I peered around the corner to see Evan in a face-off. He was MAD. Not sad-mad, poor-me baby’s mad. Toddler mad. Effing mad. Frigging-stoopidhead mad.

He swung round to glare at me, quite wild-eyed with fury. “AAAAARRRRGGGHH!!!” he screamed, locking eyes with me, baring teeth and stamping feet. He swirled around with another “AAARRGGGGHH!!” and bit the side of the basket. Take THAT! And another kick. And THAT!

He ran circles around the room, whacking everything within arms’ reach. Back to the basket, one more leg over the side, one more upend and one more “AAARRRRRRGGGHHH!”

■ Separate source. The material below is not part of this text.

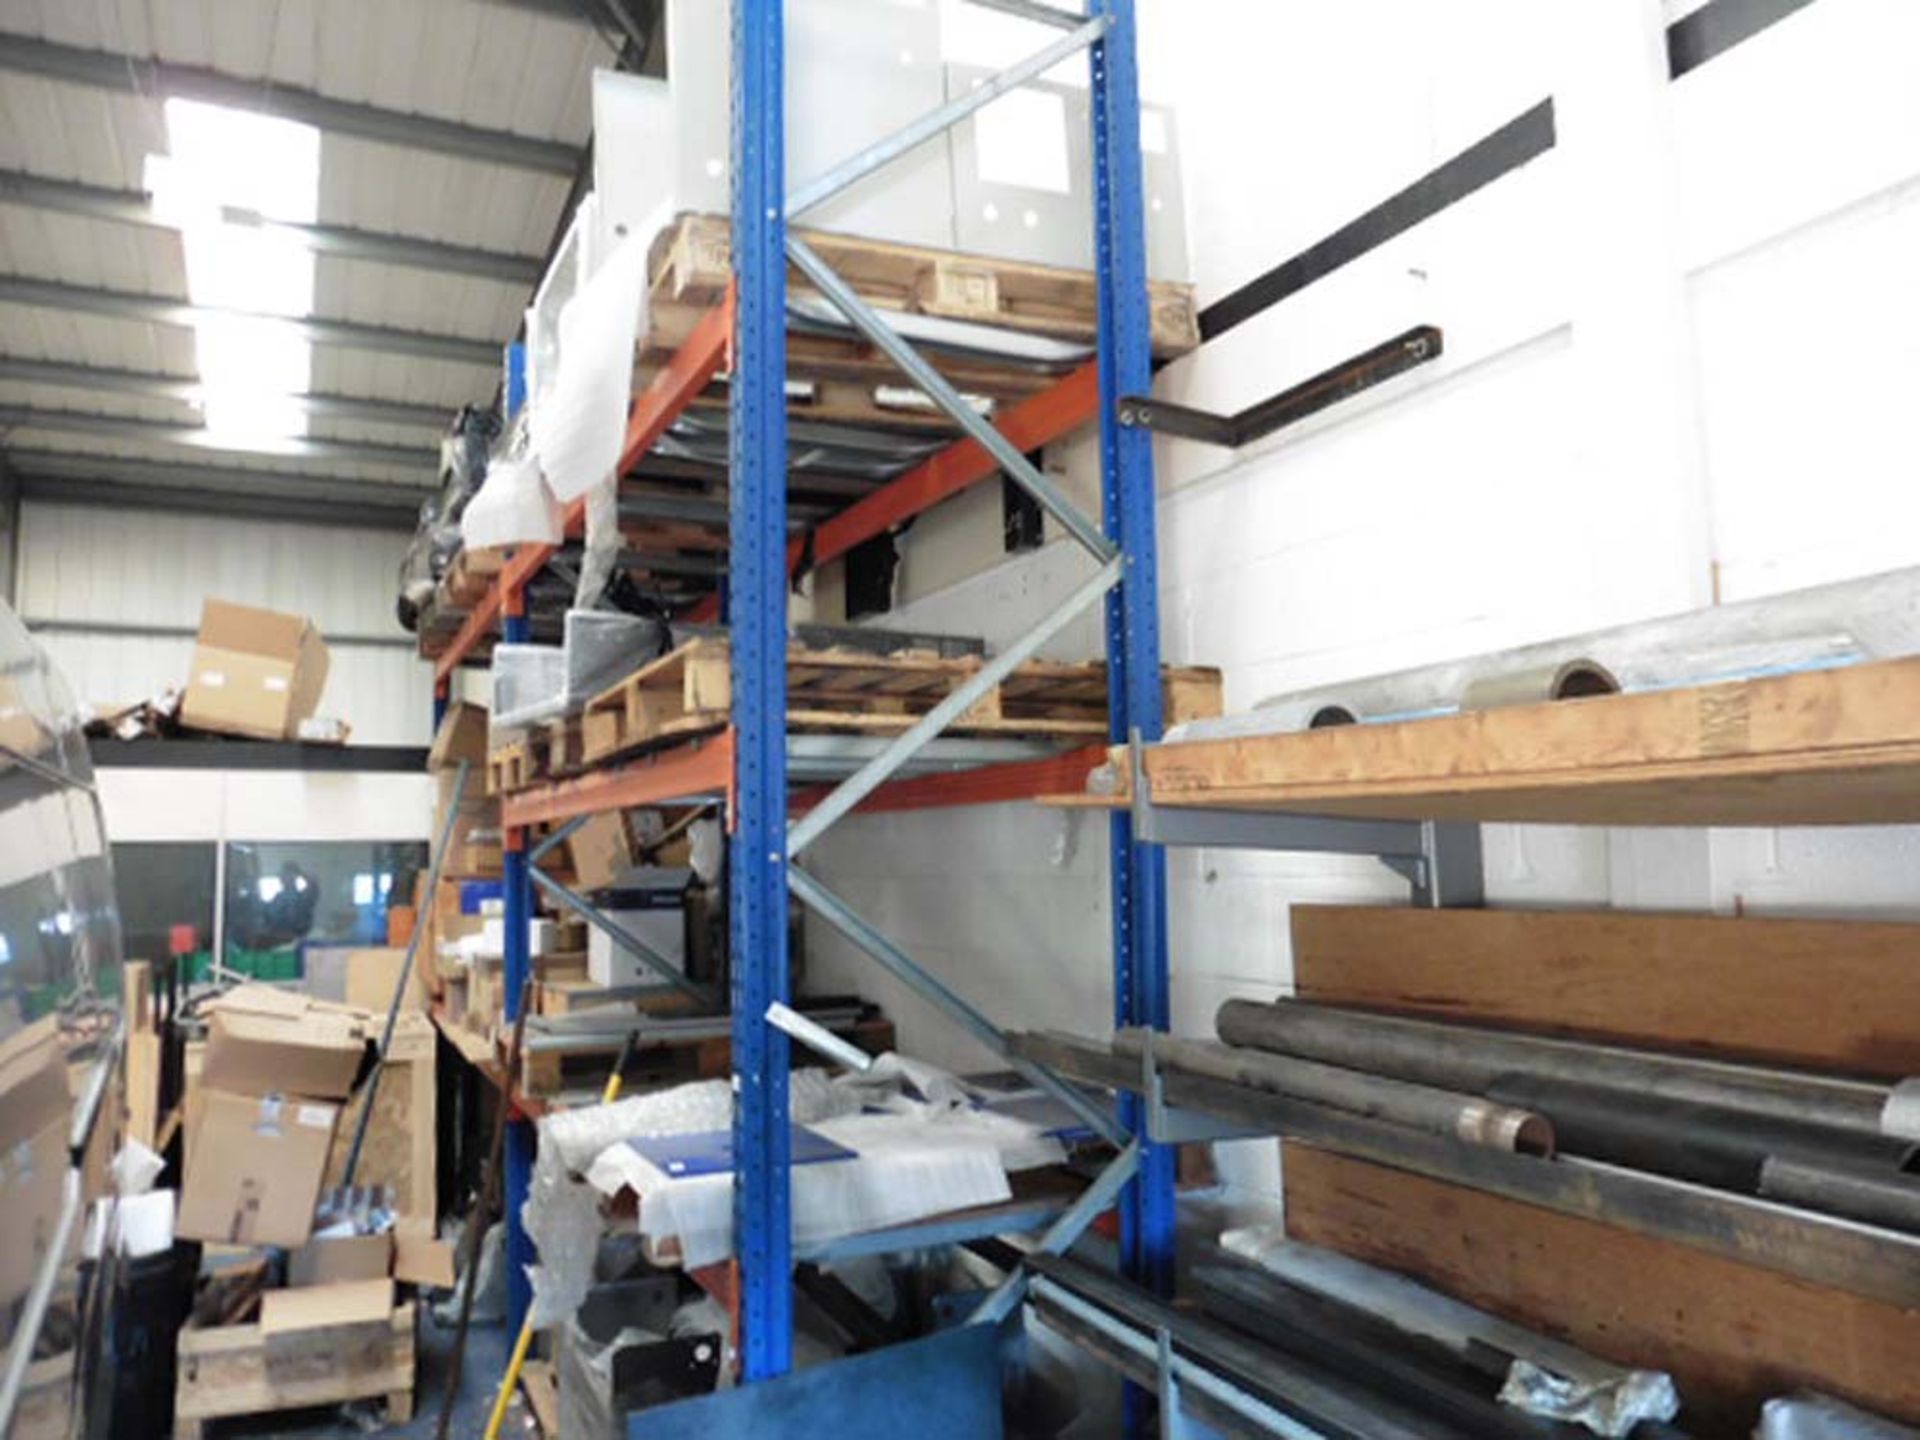 a Double bay of pallet racking comprising 3 blue 14' uprights and 5 pairs of beams

Then, depleted, he collapsed on the floor and looked at me, panting and seething. A strange feeling, a new vibration to process. I have this energy.. and I have to get rid of it.. it’s going to be messy.. stand back, and don’t you dare get in my way.

This is some dark and inevitable stuff. I knew it was coming, but haven’t had to think of it until now. What if another kid’s on the receiving end? I’m sure it will happen, and I will be duly mortified.

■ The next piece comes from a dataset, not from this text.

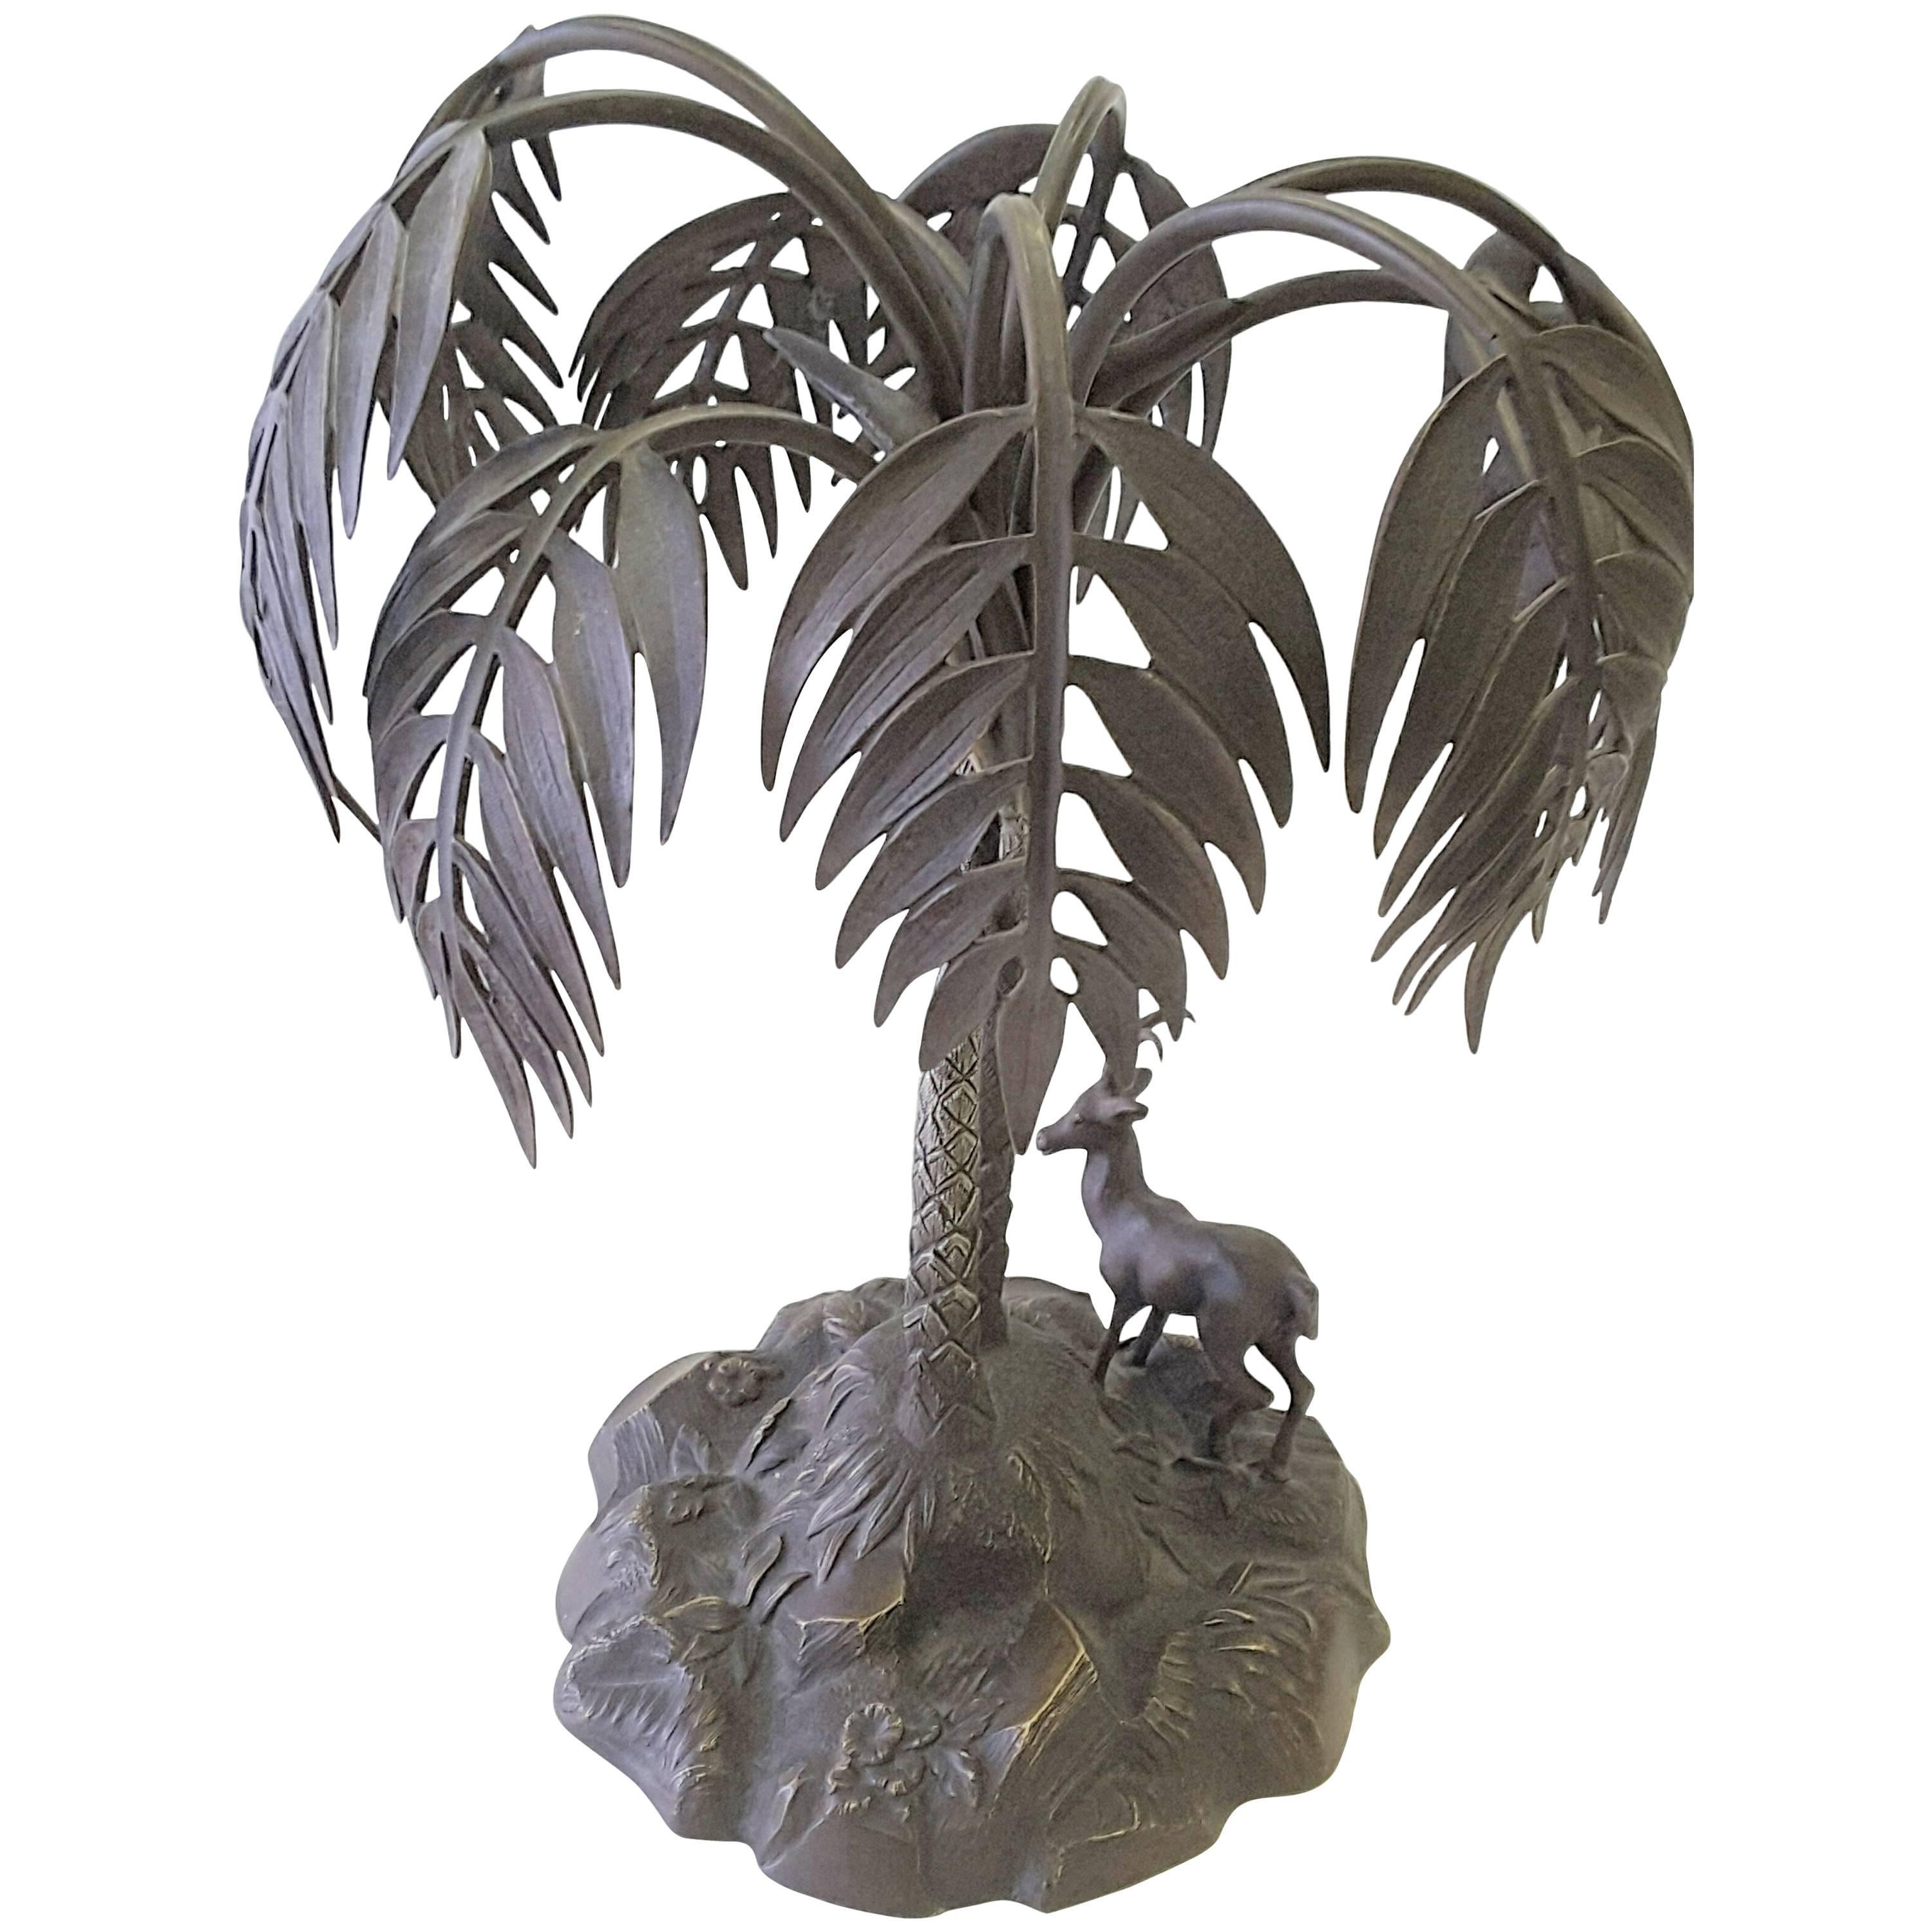 Bronzed Sculpture of a Palm Tree and Gazelle on a Rock Base

Trouble is, I have absolutely no clue what to do. None. Do I ignore it, as long as no one is within flailing range? Grab him and hold him until he calms? Distract? Empathize? Mimic? Show him how silly his ARRRGGGHs sound? Try to make him laugh? Dump him in the playpen and leave the room until he gets hold of himself?

I need to figure this out, nip it in the bud. Teach him how to release his anger in a way that’s sensible, safe. The last thing I want to do when he explodes is reward him with attention. I need to diffuse the bomb with minimal fuss, and then move on. That’s my instinct, but I’ve no effing idea how to apply it.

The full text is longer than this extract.